0 Replies Latest reply on Nov 7, 2017 9:46 PM by 馒头亮

    ceph+RDMA the rdma information(gid\lid\qpn) that are received by the osd task are 0

    馒头亮

      Hi,I have do as this guide said. But my ceph cluster is health_err. The error information is "HEALTH_ERR 320 pgs are stuck inactive for more than 300 seconds; 320 pgs stuck inactive; 320 pgs stuck unclean".

       

       

      In ceph ms log, the rdma information(gid\lid\qpn) that are send by the osd task are right.
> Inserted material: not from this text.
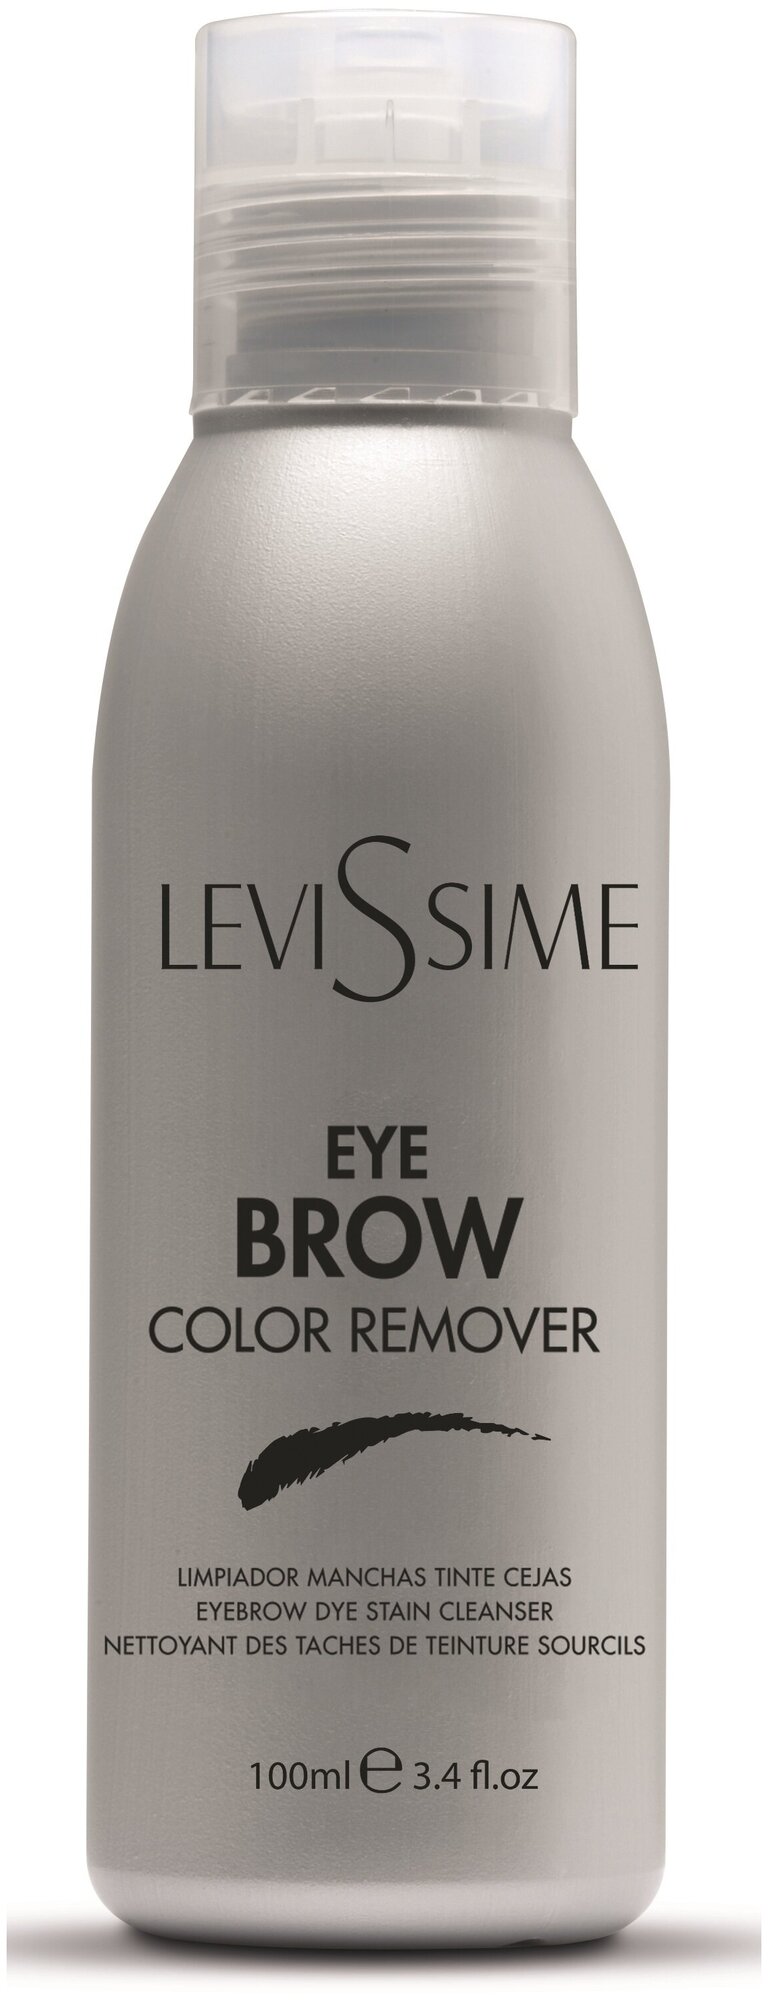 Лосьон EYE BROW для снятия краски с кожи LEVISSIME 100 мл

But the rdma information(gid\lid\qpn) that are received by the osd task are 0.

       

      Ceph log:

       

      Infiniband send_msg sending: 3, 1321022, 0, 0, fe80000000000000248a070300f8cd01

      Infiniband recv_msg recevd: 0, 0, 0, 0, ▒̽V▒▒

       

       

      sudo ceph daemon osd.0 perf dump AsyncMessenger::RDMADispatcher

      {

          "AsyncMessenger::RDMADispatcher": {

              "polling": 0,

              "rx_bufs_in_use": 0,

              "rx_bufs_total": 8192,

              "tx_total_wc": 9514,

              "tx_total_wc_errors": 9514,

              "tx_retry_errors": 4759,

              "tx_wr_flush_errors": 4755,

              "rx_total_wc": 0,

              "rx_total_wc_errors": 0,

              "rx_fin": 0,

              "handshake_errors": 0,

              "total_async_events": 0,

              "async_last_wqe_events": 0,

              "created_queue_pair": 5040,

              "active_queue_pair": 4

          }

      }